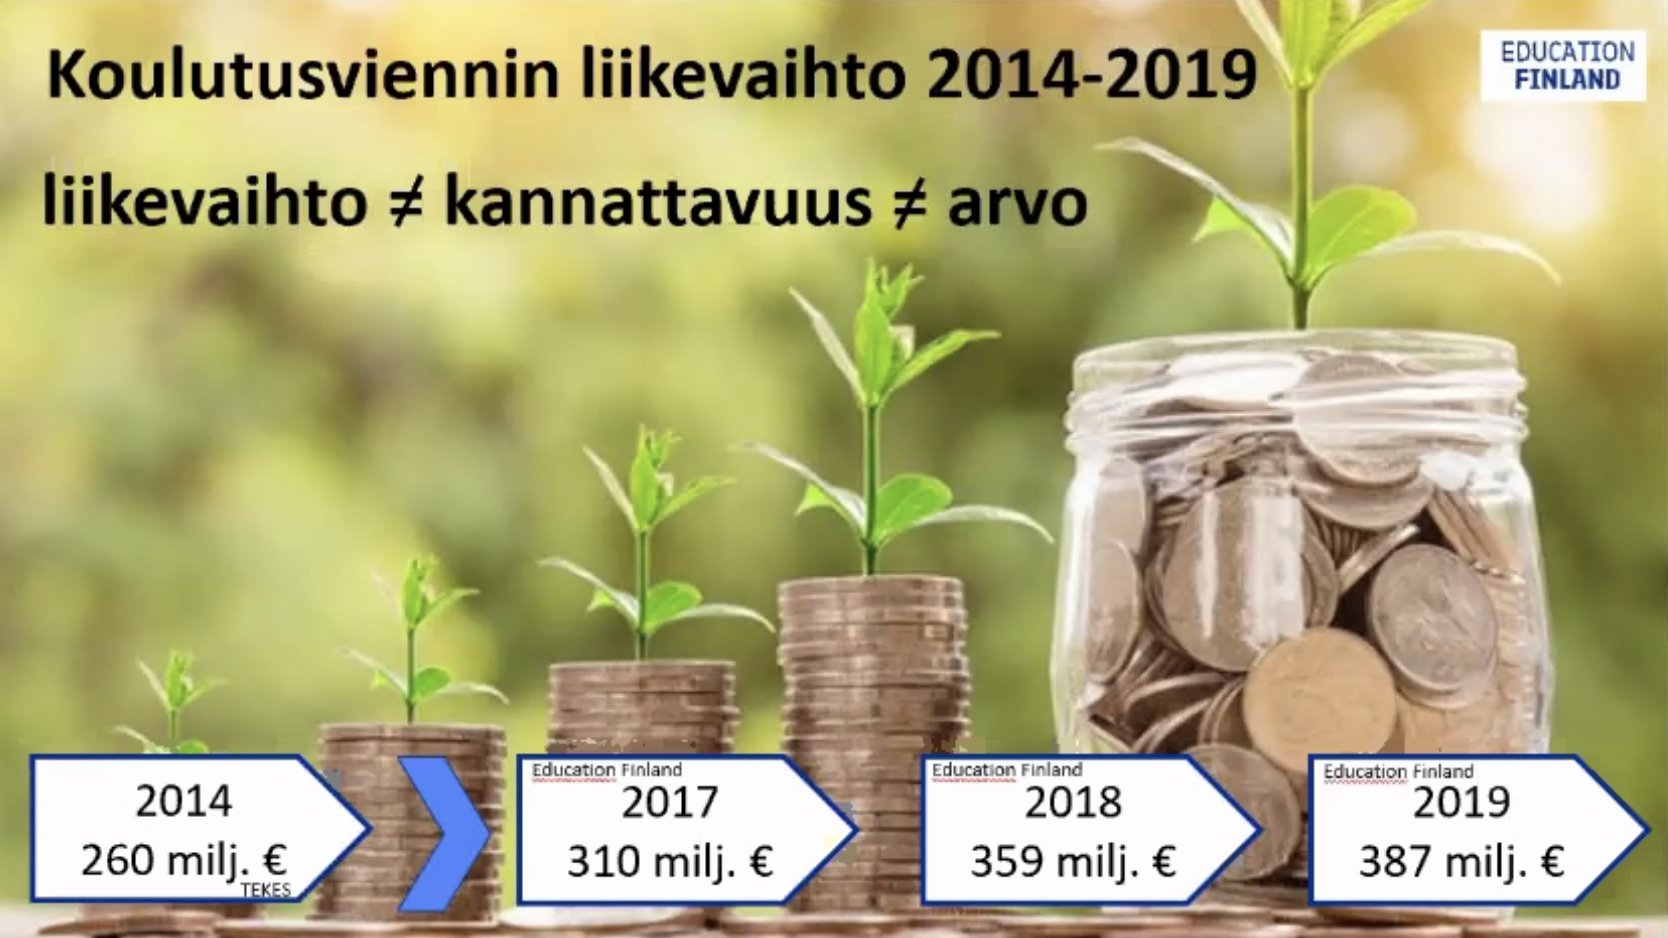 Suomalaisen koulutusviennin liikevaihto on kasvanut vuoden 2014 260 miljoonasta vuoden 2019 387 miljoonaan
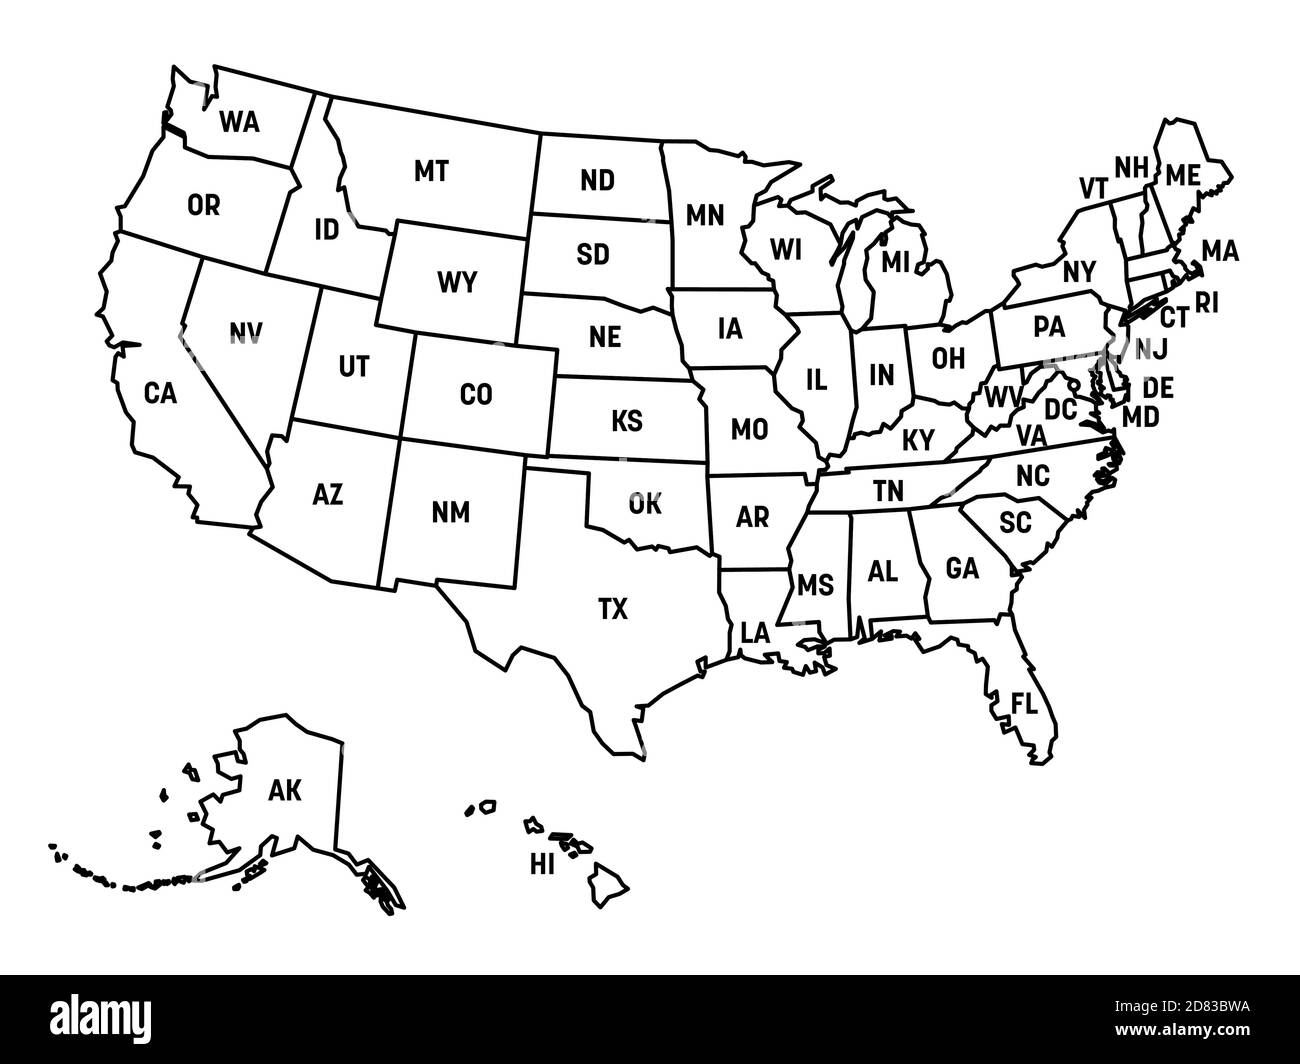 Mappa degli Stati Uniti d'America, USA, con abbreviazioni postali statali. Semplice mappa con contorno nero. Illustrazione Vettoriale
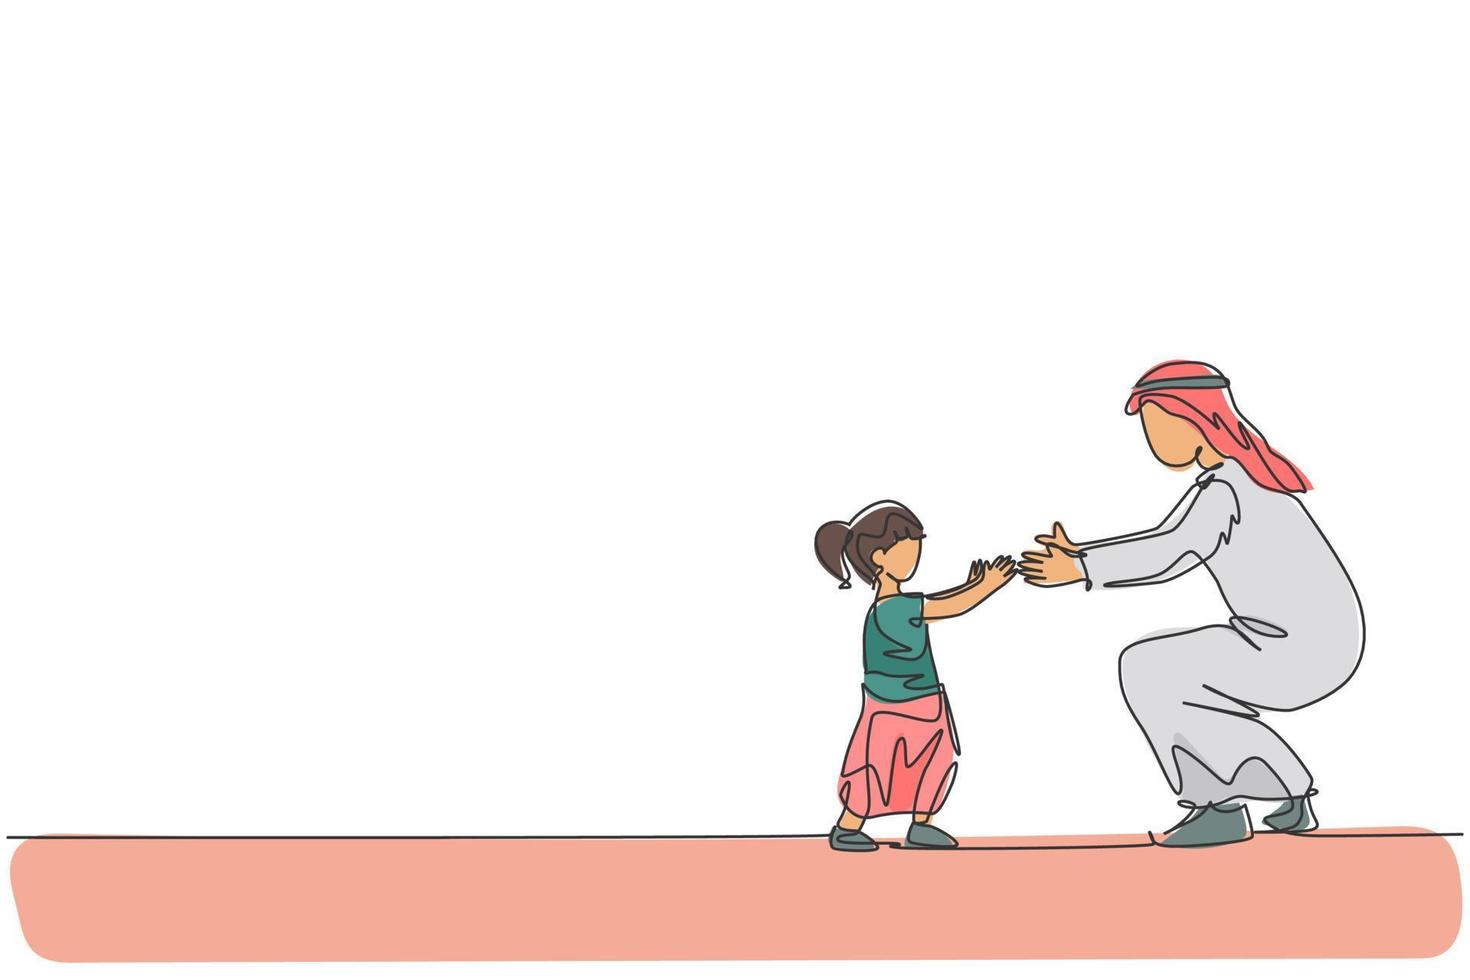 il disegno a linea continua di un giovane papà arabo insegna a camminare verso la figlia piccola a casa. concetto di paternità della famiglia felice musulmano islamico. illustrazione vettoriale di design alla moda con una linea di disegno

○ ○ ○ ○

**Task to carry out**
Restate every line of the data above word for word, with the images removed.

**Expected answer**
 Suomalaisen koulutusviennin liikevaihto on kasvanut vuoden 2014 260 miljoonasta vuoden 2019 387 miljoonaan
 Mappa degli Stati Uniti d'America, USA, con abbreviazioni postali statali. Semplice mappa con contorno nero. Illustrazione Vettoriale
 il disegno a linea continua di un giovane papà arabo insegna a camminare verso la figlia piccola a casa. concetto di paternità della famiglia felice musulmano islamico. illustrazione vettoriale di design alla moda con una linea di disegno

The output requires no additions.